Background: RNA-binding proteins establish posttranscriptional gene regulation by coordinating maturation, editing, transport, stability, and translation of cellular RNAs. Immunoprecipitation experiments could identify the interaction between RNA and proteins, but they are limited due to the experimental environment and material. Therefore, it is essential to construct computational models to identify the function sites.
Objective: Although some computational methods have been proposed to predict RNA binding sites, the accuracy could be further improved. Moreover, it is necessary to construct a dataset with more samples to design a reliable model. Here we present a computational model based on multi-information sources to identify RNA binding sites.

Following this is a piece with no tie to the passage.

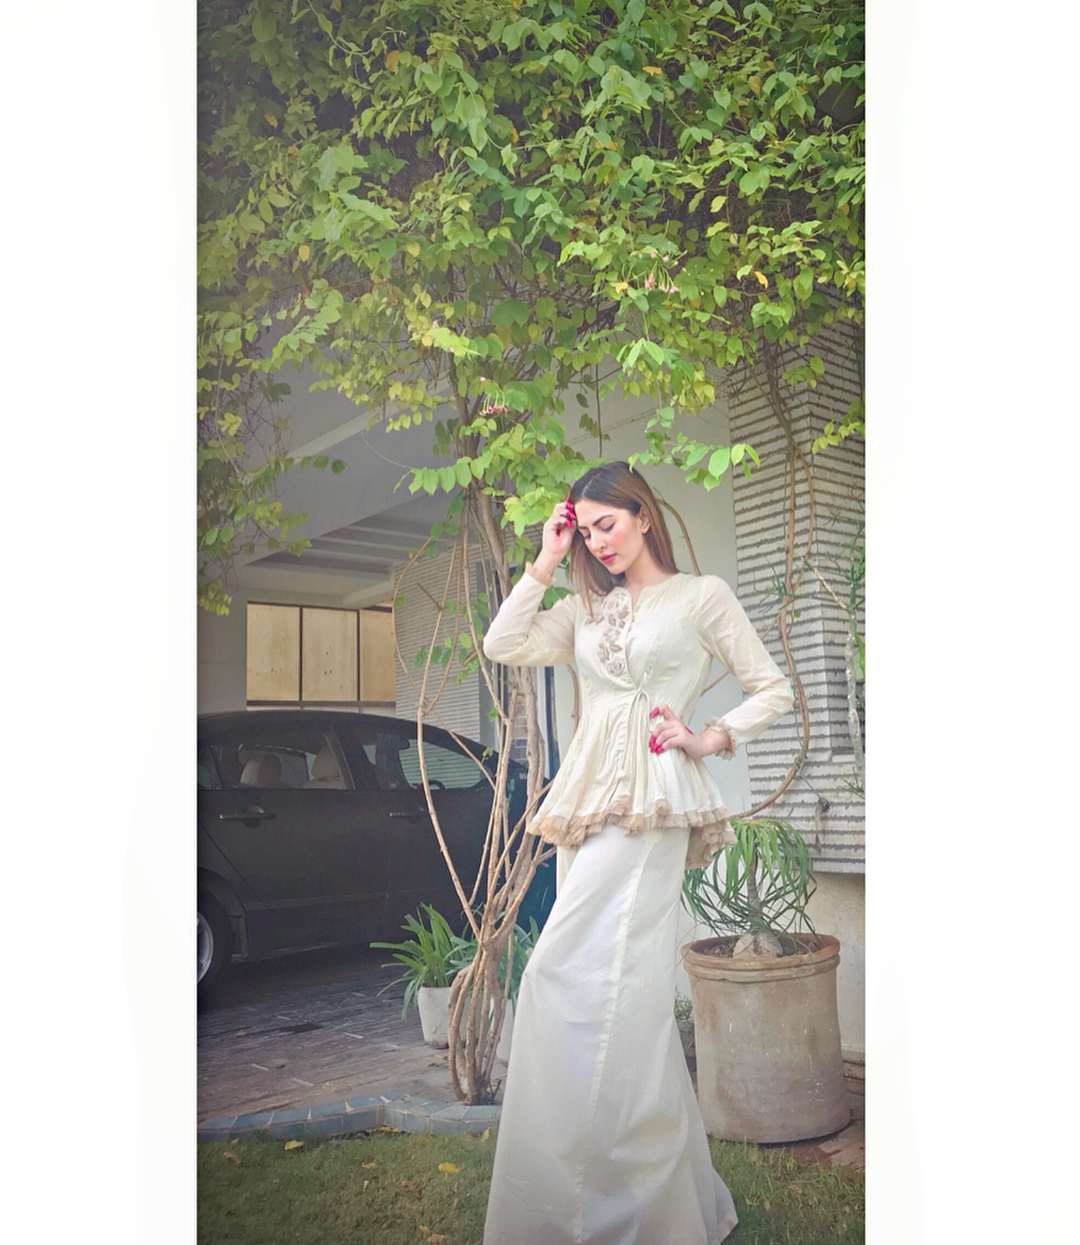 Hamza Ali Abbasi Wife Naimal Khawar - 30 Beautiful Pictures

Methods: We construct an accurate computational model named CSBPI_Site, based on extreme gradient boosting. The specifically designed 15-dimensional feature vector captures four types of information (chemical shift, chemical bond, chemical properties and position information).
Results: The satisfied accuracy of 0.86 and AUC of 0.89 were obtained by leave-one-out crossvalidation. Meanwhile, the accuracies were slightly different (range from 0.83 to 0.85) among the three classifiers algorithm, which showed that the novel features are stable and fit to multiple classifiers. These results showed that the proposed method is effective and robust for the identification of noncoding RNA binding sites.
Conclusion: Our method based on multi-information sources is effective to represent the binding sites information among ncRNAs. The satisfied prediction results of Diels-Alder riboz-yme based on CSBPI_Site indicates that our model is valuable to identify the function site.
Keywords: RNA binding site, multi-information sources, position information, chemical shift, chemical bond, chemical properties, extreme gradient boosting.